La Hongrie est aussi l’un des rares pays membres de l’Union européenne à ne pas avoir rejoint le Bureau du Procureur général européen (EPPO), l’institution qui enquête et engage des poursuites en cas de  fraude nuisant aux intérêts financiers de l’Union européenne, ou d’utilisation abusive des fonds européens. L’institution a été établie par le traité de Lisbonne afin de remédier au fait que l’OLAF, Eurojust et Europol ne disposaient des compétences nécessaires pour agir dans ce domaine, ce qui revenait à laisser aux Etats membres la responsabilité de poursuivre les auteurs de ces crimes. Le Parlement hongrois a décidé de ne pas participer à l’établissement de l’EPPO, invoquant la souveraineté et l’autodétermination de la Hongrie, et se contentant de mettre en place un accord de travail.

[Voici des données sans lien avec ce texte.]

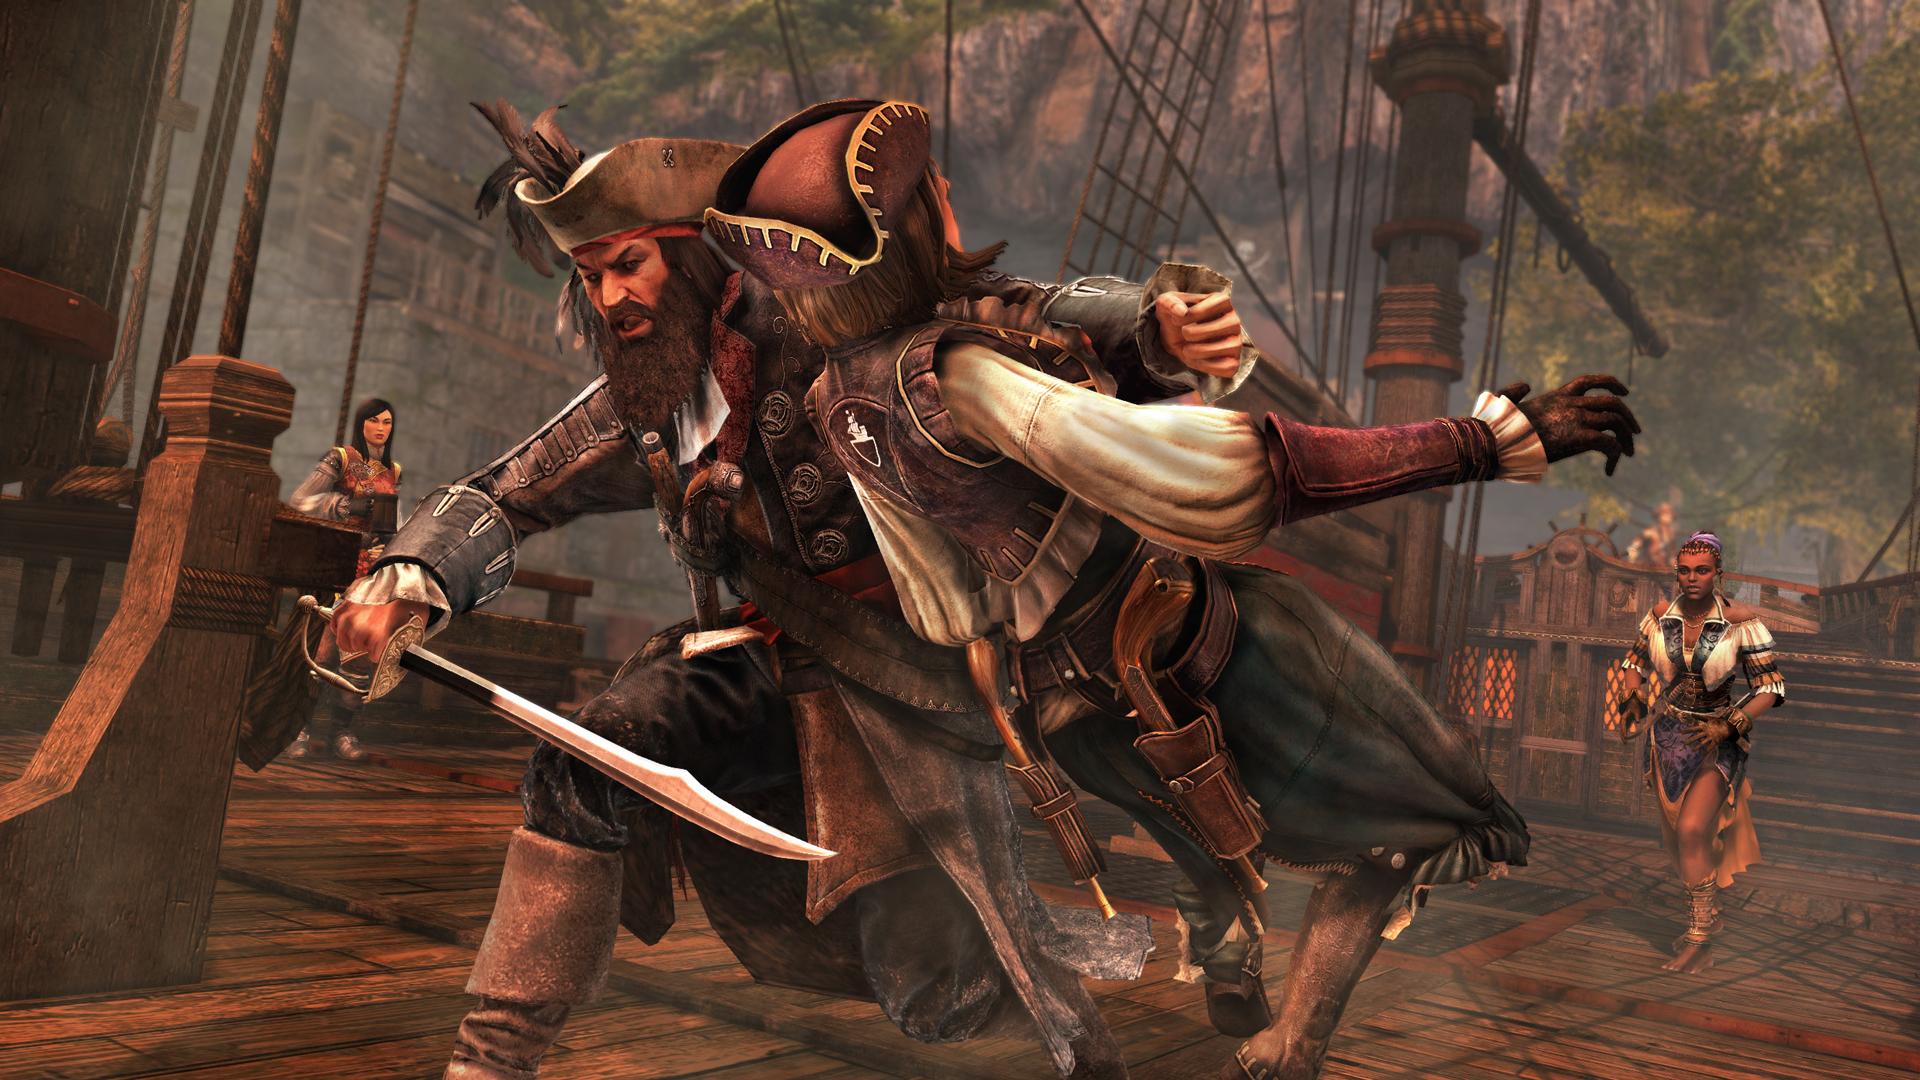 image - ac4 - blackbeard vs lady black | assassin's creed wiki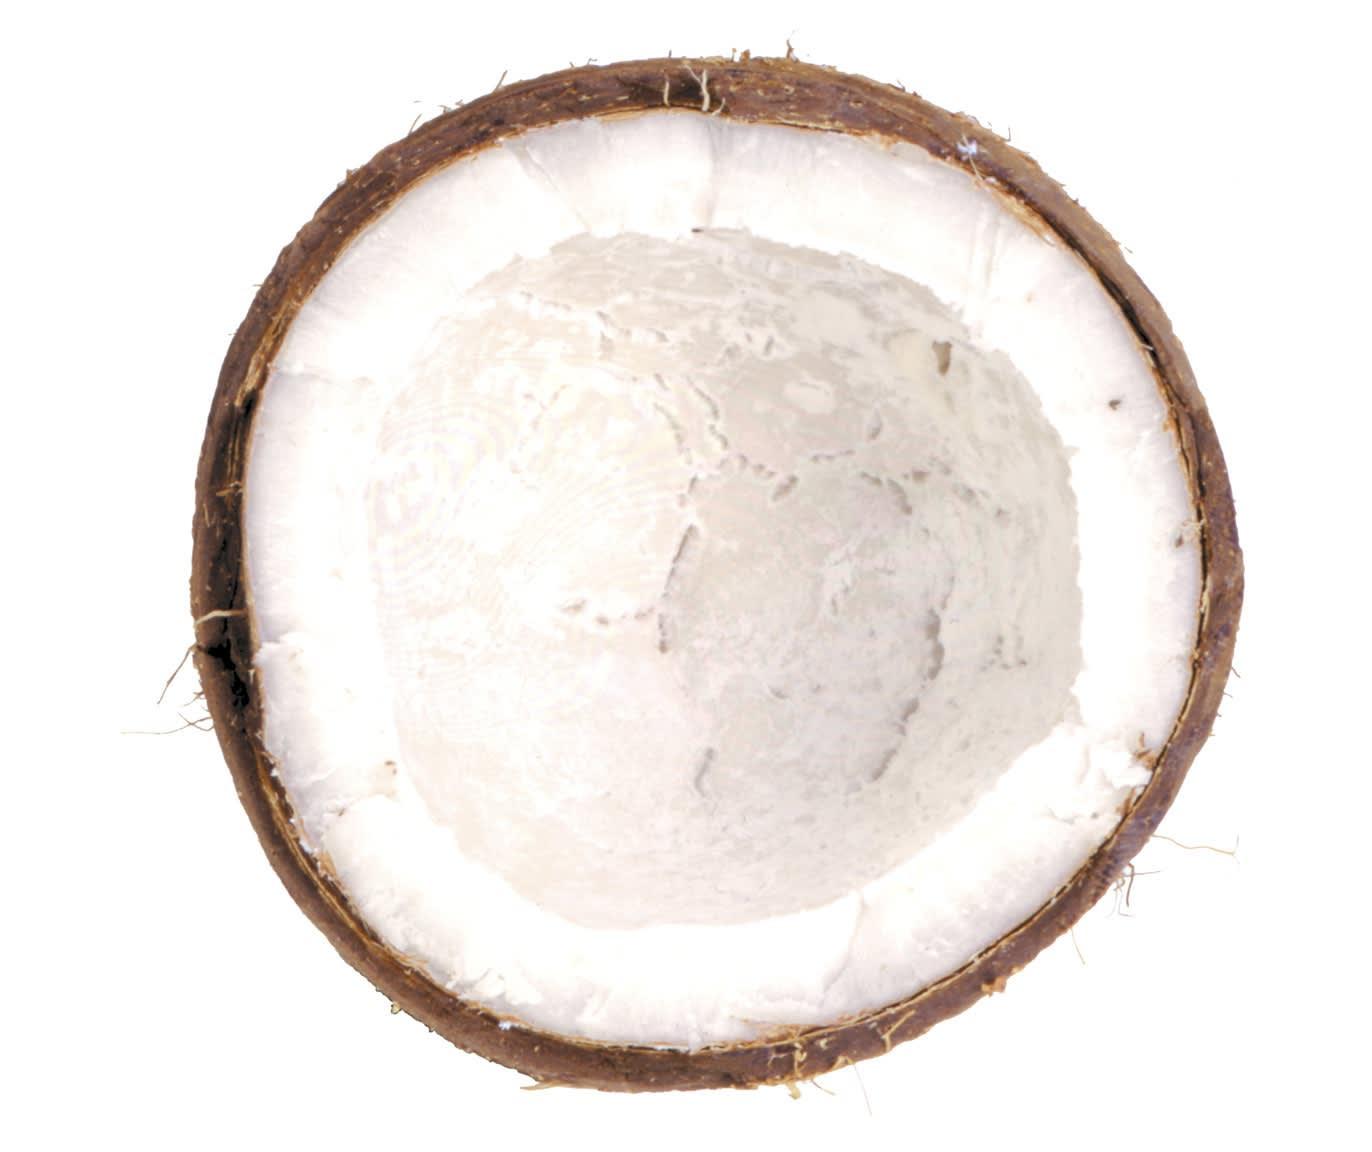 Chuck Ramirez Coconut: White Coconut, 1997, 2002

Volt Hongrie considère que le contrôle de l’utilisation des fonds européens dans les marchés publics ne doit pas uniquement relever des instances nationales  surtout dans un pays présentant un faible indice de perception de la corruption. La Hongrie doit communiquer avec  plus de transparence sur son usage des fonds de l’UE. Volt Hongrie propose que le gouvernement hongrois rejoigne l’EPPO afin de soumettre l’utilisation des fonds européens au contrôle d’une institution neutre et objective. 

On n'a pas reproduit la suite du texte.